Hawaii Medical Service Association
- Established: 1938
- Type: Non-Profit
- Location: Honolulu, Hawaii, USA;
- Region served: Hawaii
- Services: Health Insurance, Telehealth
- Membership: 741,000 (2020)
- President and CEO: Mark M. Mugiishi
- Affiliations: Blue Cross Blue Shield
- Employees: 1,600 (2021)
- Website: https://hmsa.com/

= Hawaii Medical Service Association =

Nonprofit health insurer in Hawaii, U.S.

Hawaii Medical Service Association (HMSA) is a nonprofit health insurer in the state of Hawaii. HMSA was founded in 1938, is an independent licensee of the Blue Cross Blue Shield Association, and is the largest insurer in the state of Hawaii serving more than 700,000 people.

==Hawaii Medical Service Association (HMSA)==

The Hawaii Medical Service Association (HMSA) is a member of the Blue Cross Blue Shield Association, an association of independent medical insurance providers. A nonprofit, mutual benefit association founded in 1938, HMSA covers more than half of the state’s population. HMSA’s headquarters are located at the HMSA Center, 818 Keeaumoku Street, in Honolulu. .

===History===
In 1935, a group of Hawaii social workers started a nonprofit association governed by a community board of directors. In June 1938, HMSA established its headquarters in Honolulu with 671 members. In 1946, HMSA joined the Blue Shield Association. During the 1950s, HMSA introduced a Major Medical Plan to help protect against the cost of catastrophic illness.

In the 1960s, HMSA developed health plans for senior citizens, college students, and the unemployed. Drug, dental and vision plans, and preventive benefits, were introduced. In 1972, HMSA introduced the Community Health Program, its first Health maintenance organization (HMO). The Hawaii Prepaid Health Care Act of 1974 required nearly all employers to provide health insurance to full-time employees. In 1980, Health Plan Hawaii was certified as a federally qualified HMO.
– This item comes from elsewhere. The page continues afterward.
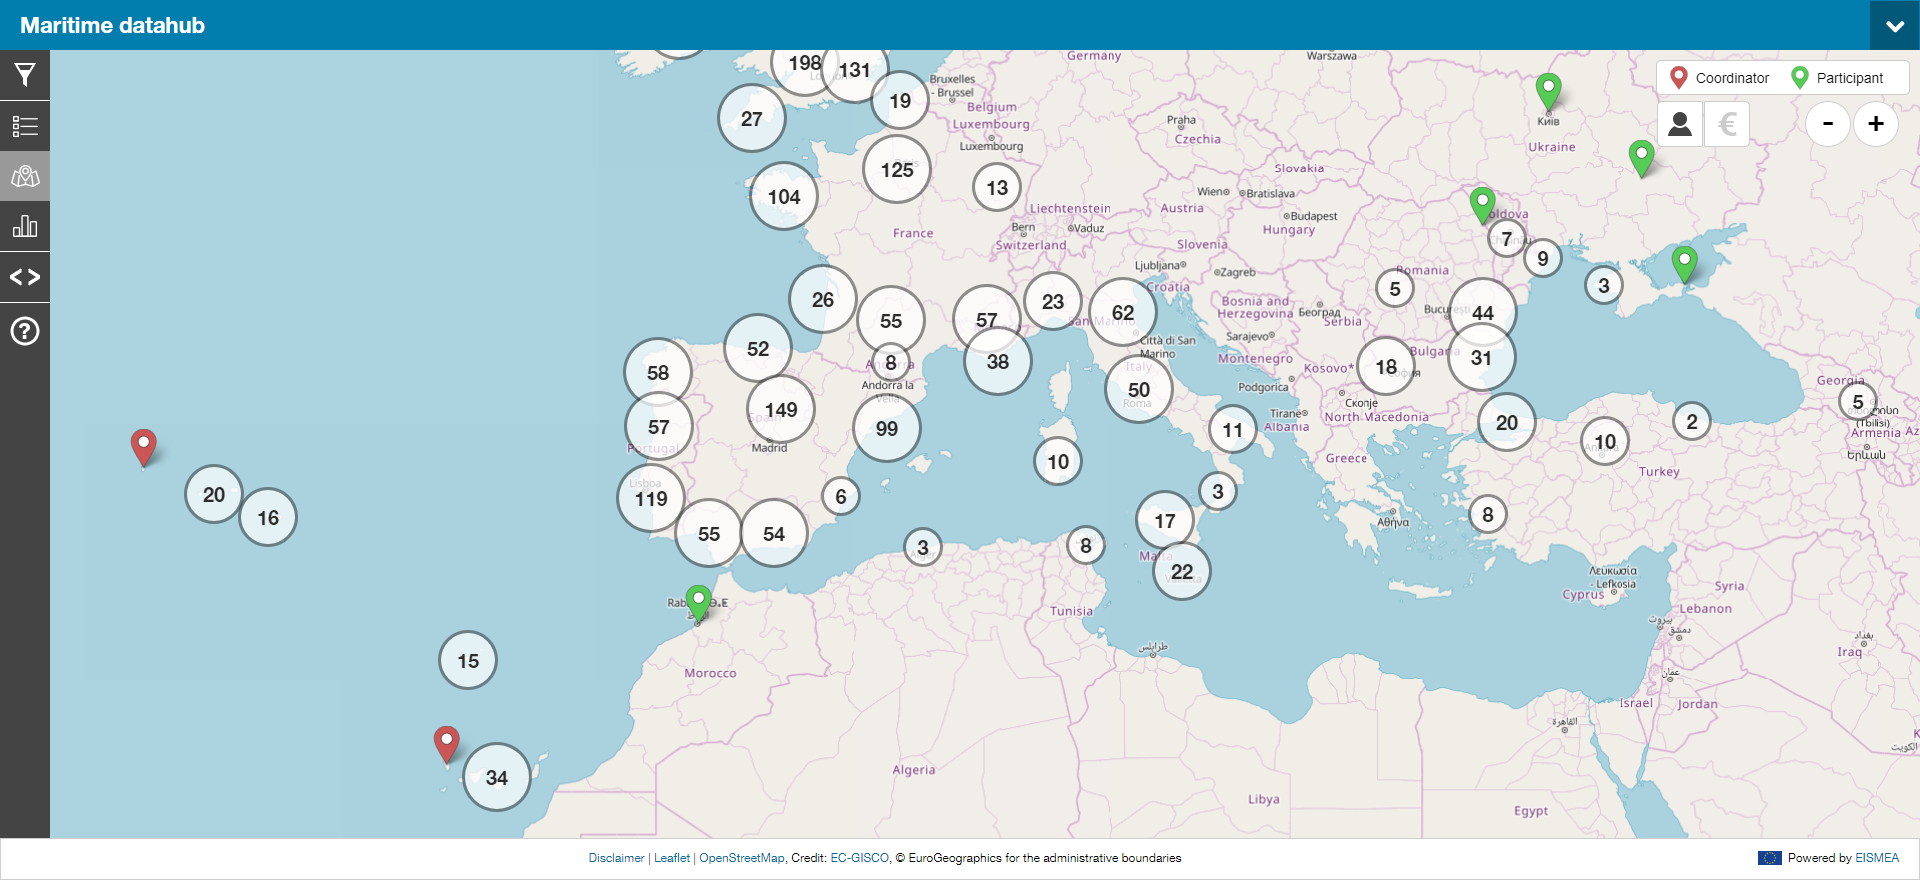 screenshot maritime datahub with map ofmediterranean area

In 1990, HMSA joined the Blue Cross Association and became the Blue Cross and Blue Shield Association plan of Hawaii. In 1994, HMSA began contracting with Hawaii QUEST, a state program with medical, dental and behavioral health benefits for Medicaid or State Health Insurance Program recipients. In 1999, the National Committee for Quality Assurance (NCQA) awarded Health Plan Hawaii with the highest HMO accreditation possible.

===Litigation===

In the 2000s, HMSA endured a round of provider led litigation, including the latest charges of anti-competitive practices, filed in U.S. District Court in April 2013. This litigation is still ongoing.

===Plans and programs===

HMSA offers a variety of health plans, including Preferred Provider Organization (PPO) plans and Health Maintenance Organization (HMO) plans.
HMSA offers plans through employers and individual plans for those not eligible through employer groups.
Some health plans may include supplemental benefit coverage for prescription drugs and dental, vision, and complementary care (acupuncture, chiropractic care and massage therapy).
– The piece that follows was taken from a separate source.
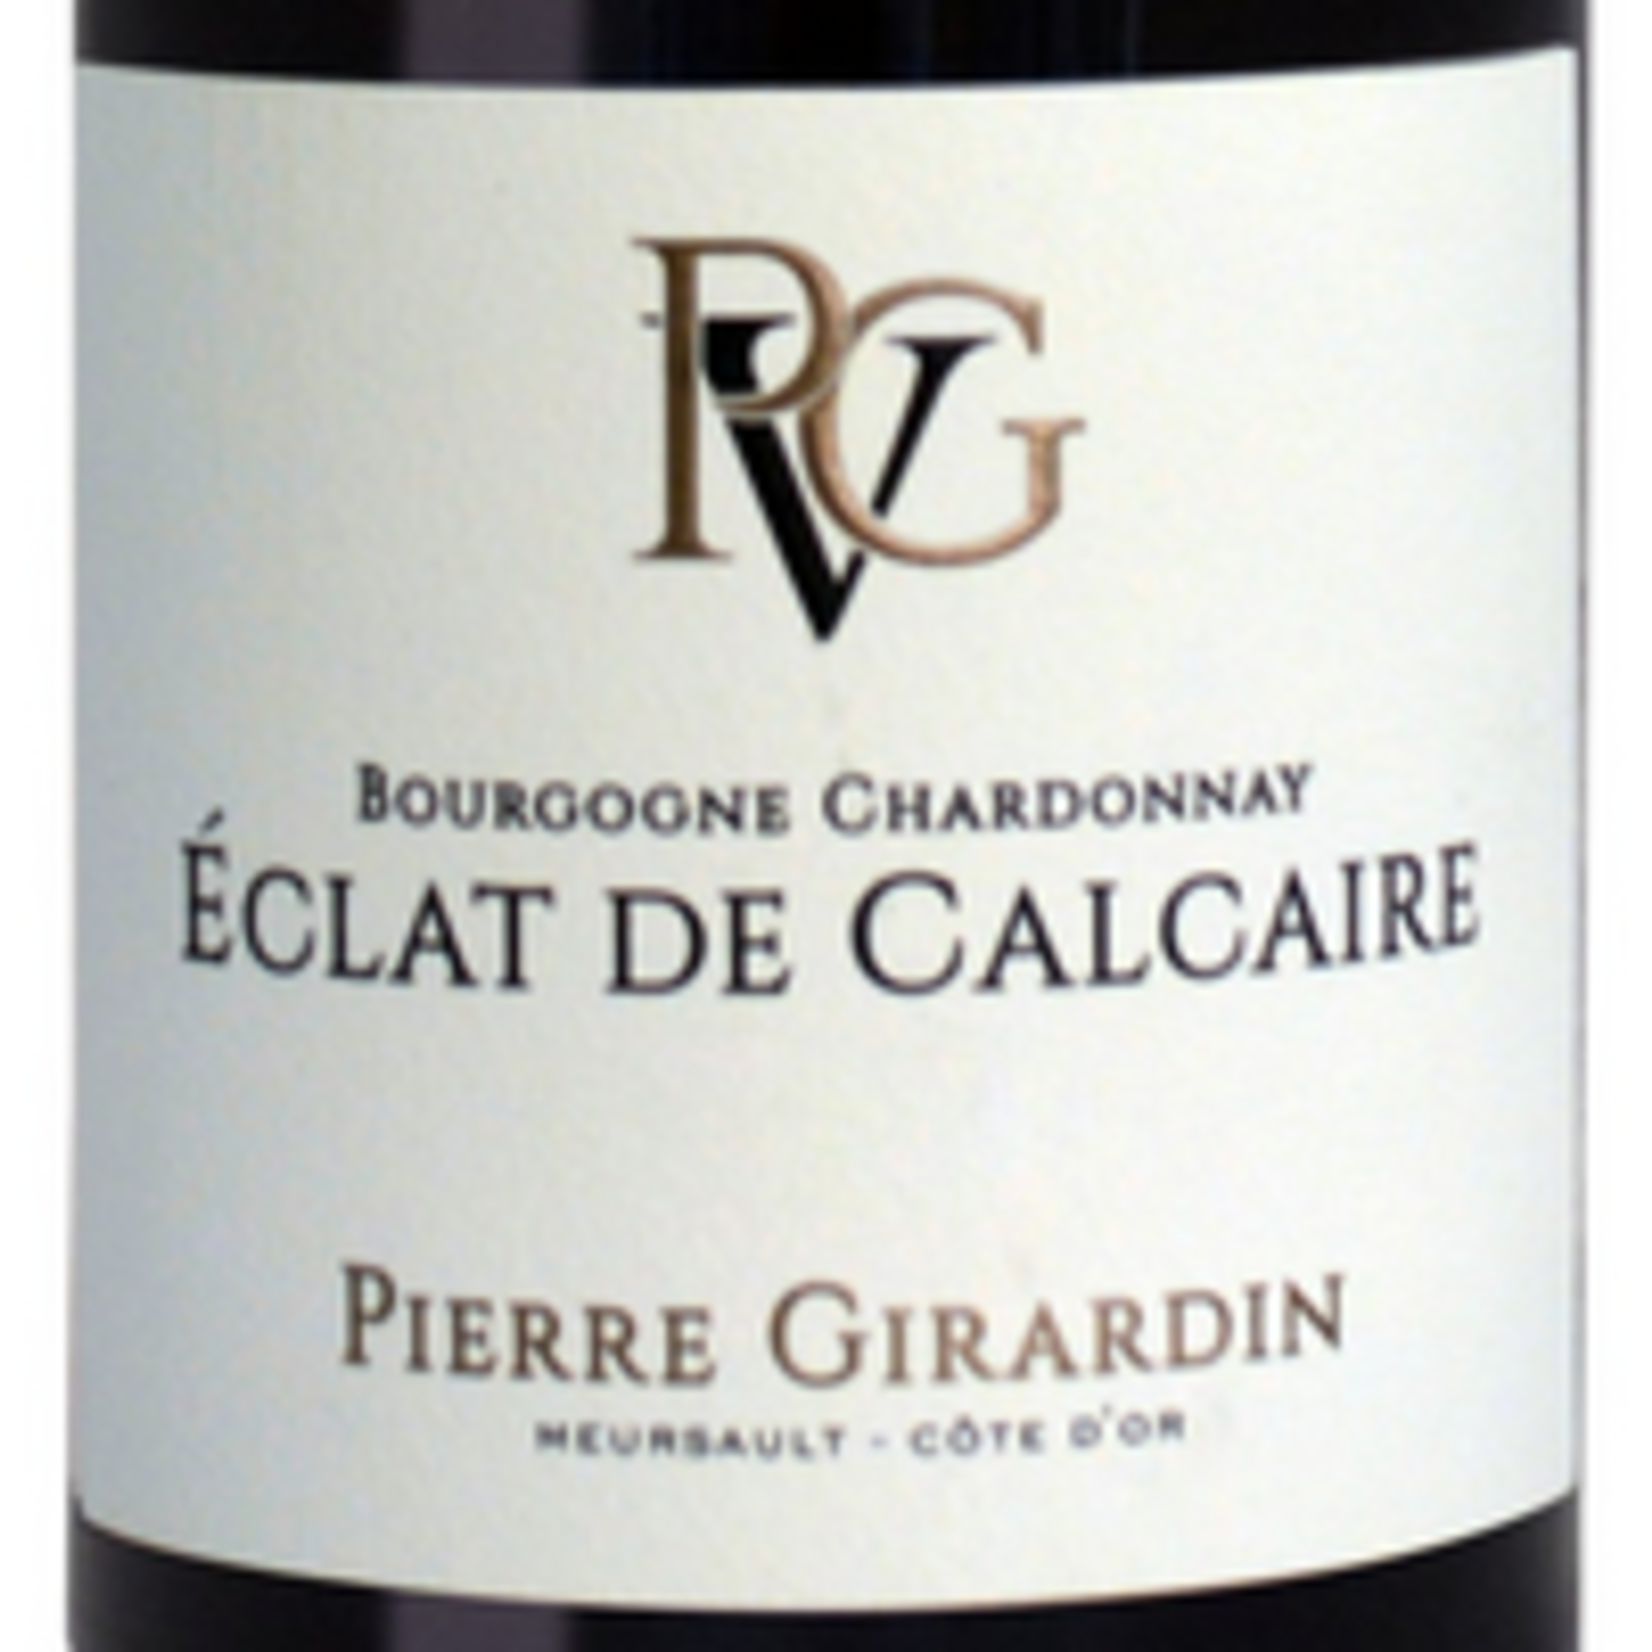 Pierre Girardin Pierre Girardin Bourgogne Chardonnay Eclat de Calcaire 2021  France

HMSA’s health and wellness programs help members stay healthy and avoid costly chronic diseases.

===HMSA365===
HMSA365 is a program for HMSA members to receive discounts on selected health and wellness services in Hawaii. Launched in 2009, HMSA365 was created in conjunction with the national Blue365, a health and wellness discount program of the Blue Cross and Blue Shield Association. The name was chosen because health plan members can receive the discounts 365 days of the year to help them stay healthy and fit.
Members show their HMSA card to participating businesses to receive the discounts.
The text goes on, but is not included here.